Summary: Attention alternatives and mixture of experts

This lesson closes Phase 1 with the two variations that make modern LLMs efficient, one per sublayer. Standard attention has two scaling problems: it is quadratic in sequence length, and its KV cache dominates inference memory and bandwidth. Multi-query (MQA) and grouped-query (GQA) attention shrink the KV cache by sharing keys and values across heads, GQA being the modern default (severalfold smaller cache, little quality loss); sliding-window attention bounds long-context cost. On the FFN side, mixture of experts (MoE) replaces the single FFN with many experts plus a router that runs only a few per token, decoupling total parameters (capacity and memory) from active parameters (per-token compute). Both are resource-allocation moves in lesson 2’s terms, and neither changes the lesson-3 skeleton. This is the scan version; the lesson explains how to read these choices off a model card.

Core ideas

Standard attention’s costs: quadratic in sequence length, and a KV cache that dominates inference memory and bandwidth at long contexts.
MQA and GQA share keys/values across heads to shrink the KV cache. MQA: one shared set for all heads. GQA: shared per group, the modern default, severalfold smaller cache with almost no quality loss.
Sliding-window attention makes cost linear in length by attending to a recent window; often interleaved with full-attention layers.
Mixture of experts (MoE) swaps the single FFN for many experts plus a router that runs a few per token. Total parameters (capacity, memory) decouple from active parameters (per-token compute).
MoE’s costs: all experts must be stored (trades compute for memory), and the router needs load balancing. “Total vs active parameters” is the MoE gap.
Resource-allocation view: GQA/MQA target memory and bandwidth (the KV cache); MoE separates total params (memory) from active params (compute). The skeleton is unchanged.

What changes for you

These two variations explain most of what separates a textbook Transformer from the models actually shipping.

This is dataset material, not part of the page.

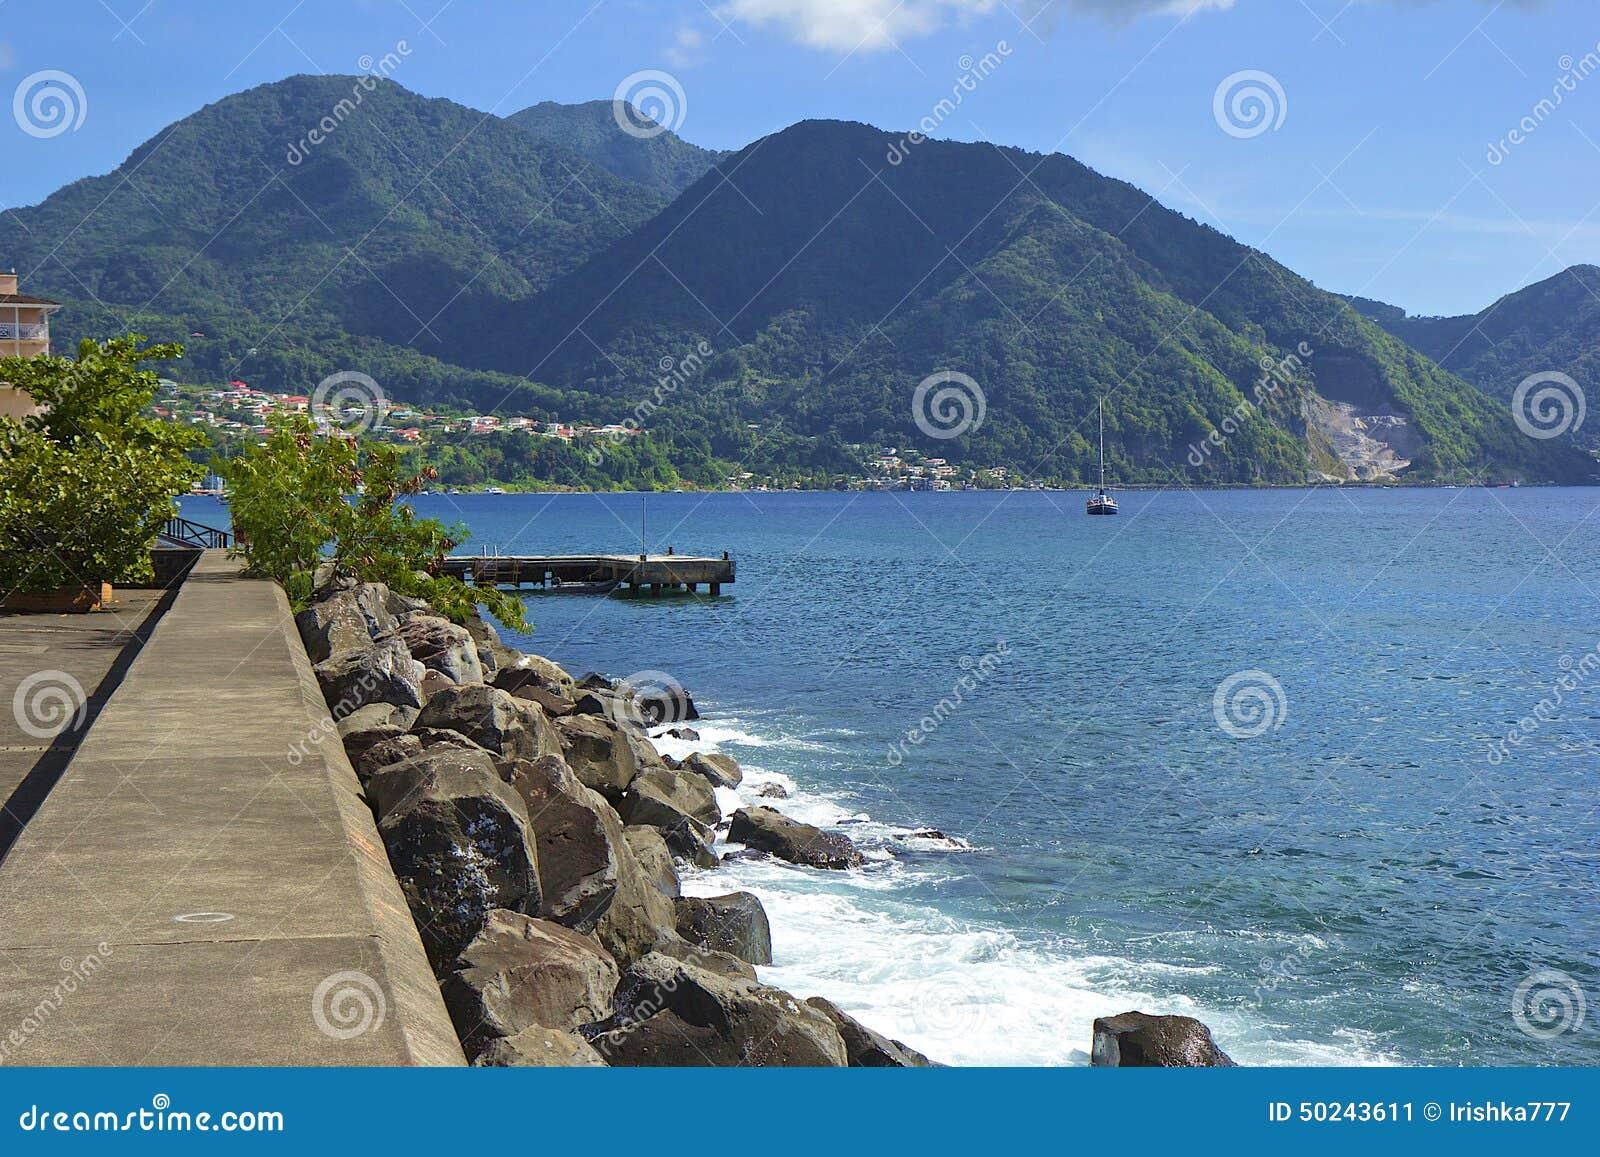 Lungomare di Roseau in Dominica, caraibica

A long context window offered at an affordable price is usually GQA (often plus windowing); a huge advertised parameter count that runs surprisingly cheaply is MoE, and the “active parameters” figure tells you the real per-token cost. The deeper takeaway sharpens the budget instinct from lesson 3: designing a model is not only choosing depth versus width, it is choosing where to spend each resource, compute, memory, and bandwidth, independently. GQA buys cheaper memory at a little quality; MoE buys capacity at more memory but the same compute. That is the level at which frontier models are actually engineered, and you can now read those choices off a spec sheet. With Phase 1 complete (tokenizer, accounting, architecture, and these variations), Phase 2 turns to making it all run fast on real hardware.

Modern LLMs keep the skeleton but vary its two sublayers to spend resources deliberately: grouped-query attention for a smaller KV cache, mixture of experts for capacity without per-token cost. Those two choices explain most of a shipping model’s efficiency.